Shadow schools secretary Ed Balls yesterday called on Michael Gove to spell out in detail the £670 million of cuts required at the department for children, schools and families, questioning the lack of detail, the fact there had been “no statement to Parliament, no communications to concerned schools or local authorities” and “no answers to my questions in last week’s Queen’s Speech debate”.
In a letter to the schools seretary, Mr Balls called on him to: confirm that funding for schools will only be protected in 2010/11; explain where funding for free schools could be found “without cuts to the budgets of existing schools”; explain whether he has increased the burden of cuts in 2010-11 that will fall on services financed by local government expenditure, particularly children’s social services; and confirm that more than 10 per cent will be cut from the DCSF grant to local authorities.
He also called on Mr Gove to provide assurances that the £311m of cuts to local authorities would not impact “essential services and programmes for some of our most vulnerable children and young people”, such as the Children’s Fund – designed to tackle social exclusion of children and young people; funding designed to provide positive activities for young people; funding to protect the welfare and improve the life chances of children in care; programmes designed to cut rates of teenage pregnancy; and programmes designed to help young people leaving school to find suitable employment, education or training.
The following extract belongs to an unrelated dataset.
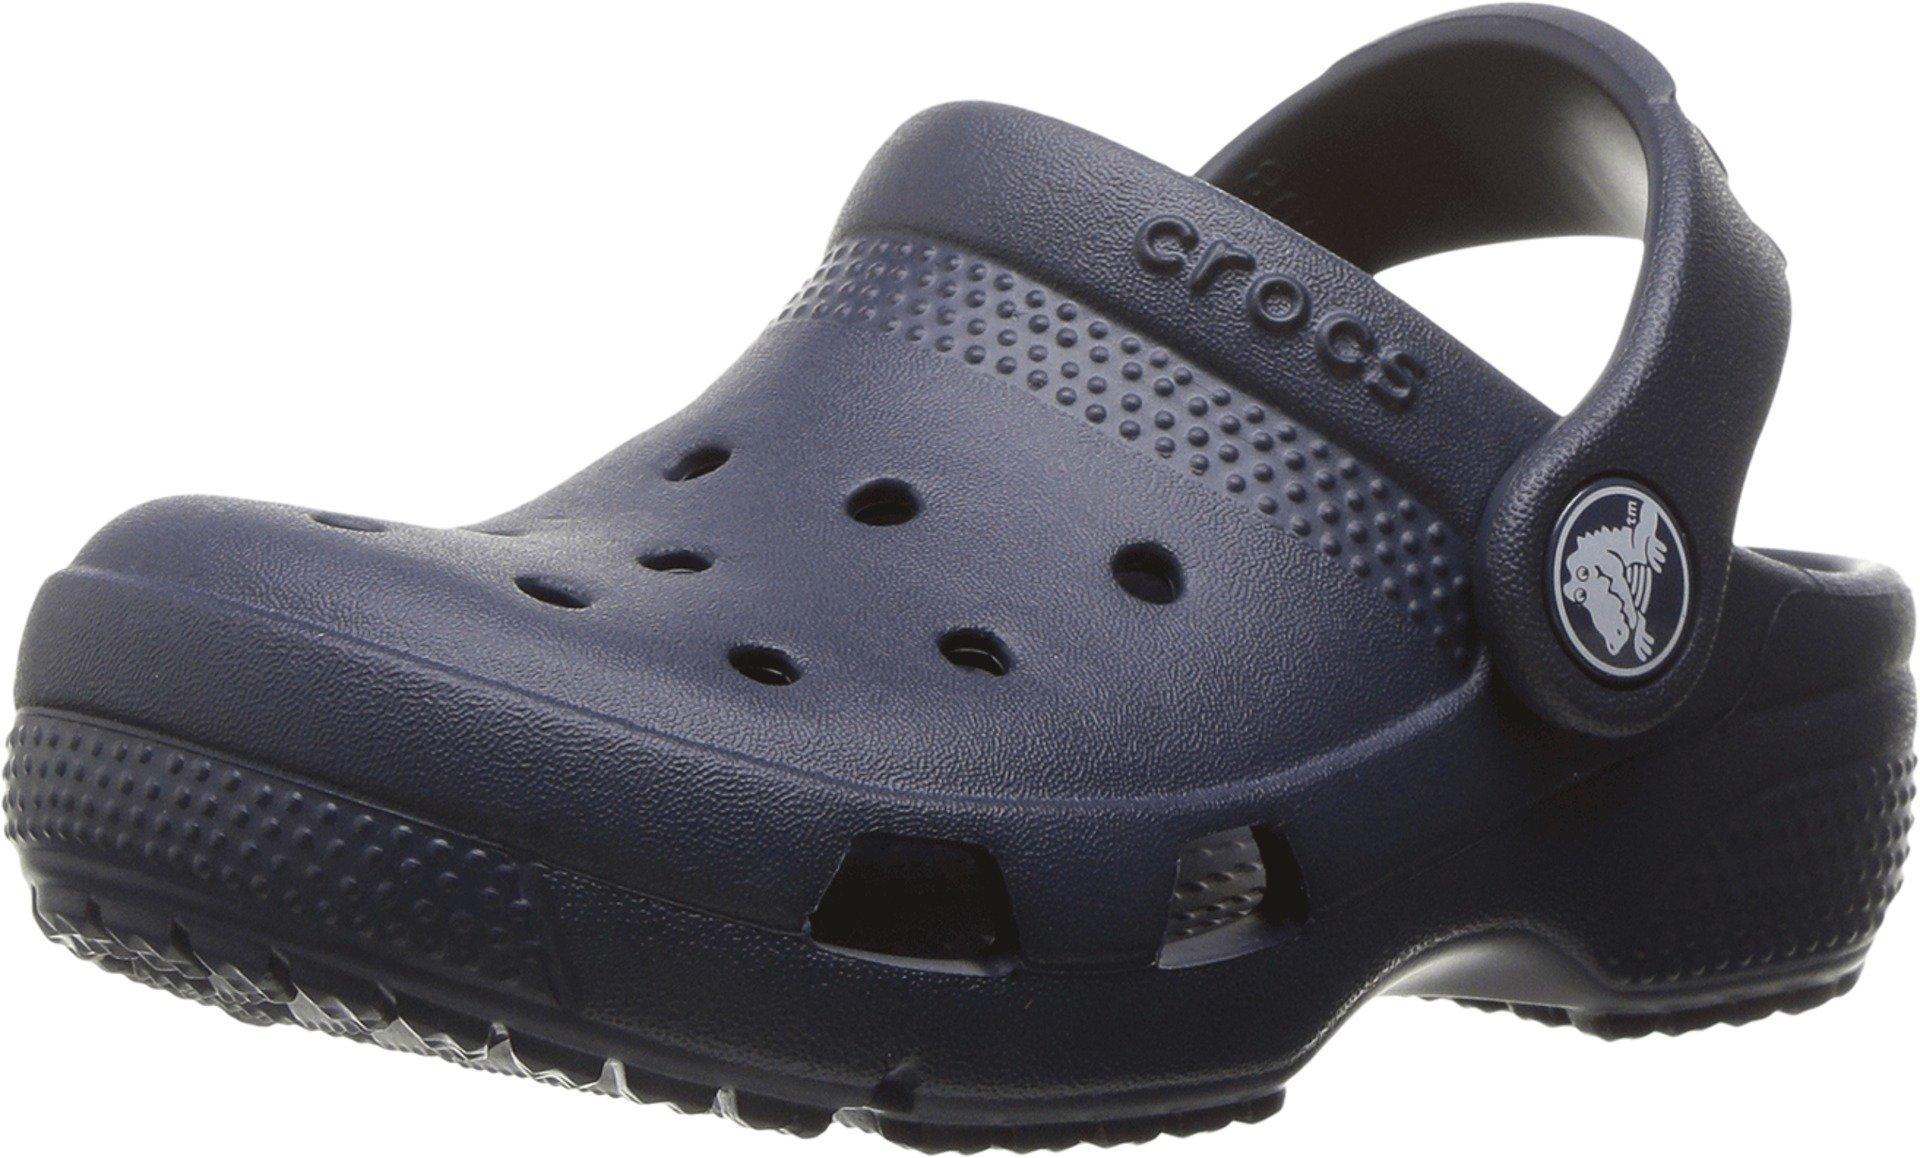 Crocs Kids Unisex Coast Clog (Toddler/Little Kid) Navy 10 M US Toddler

Elsewhere, shadow health secretary Andy Burnham criticised the cuts to universities. He told Sky News yesterday:
“I’m very worried today hearing Vince Cable sounding a very elitist note about university education… It’s wrong to drop the future jobs fund and it’s plain wrong to cut university places. You’ve got to give people hope and you don’t pull the rug from under people.”
Shadow foreign secretary David Miliband, meanwhile, accused Nick Clegg of “breathtaking hypocrisy” over cuts to frontline services “which he campaigned against in the general election”, and also warned of the danger of ending the future jobs fund.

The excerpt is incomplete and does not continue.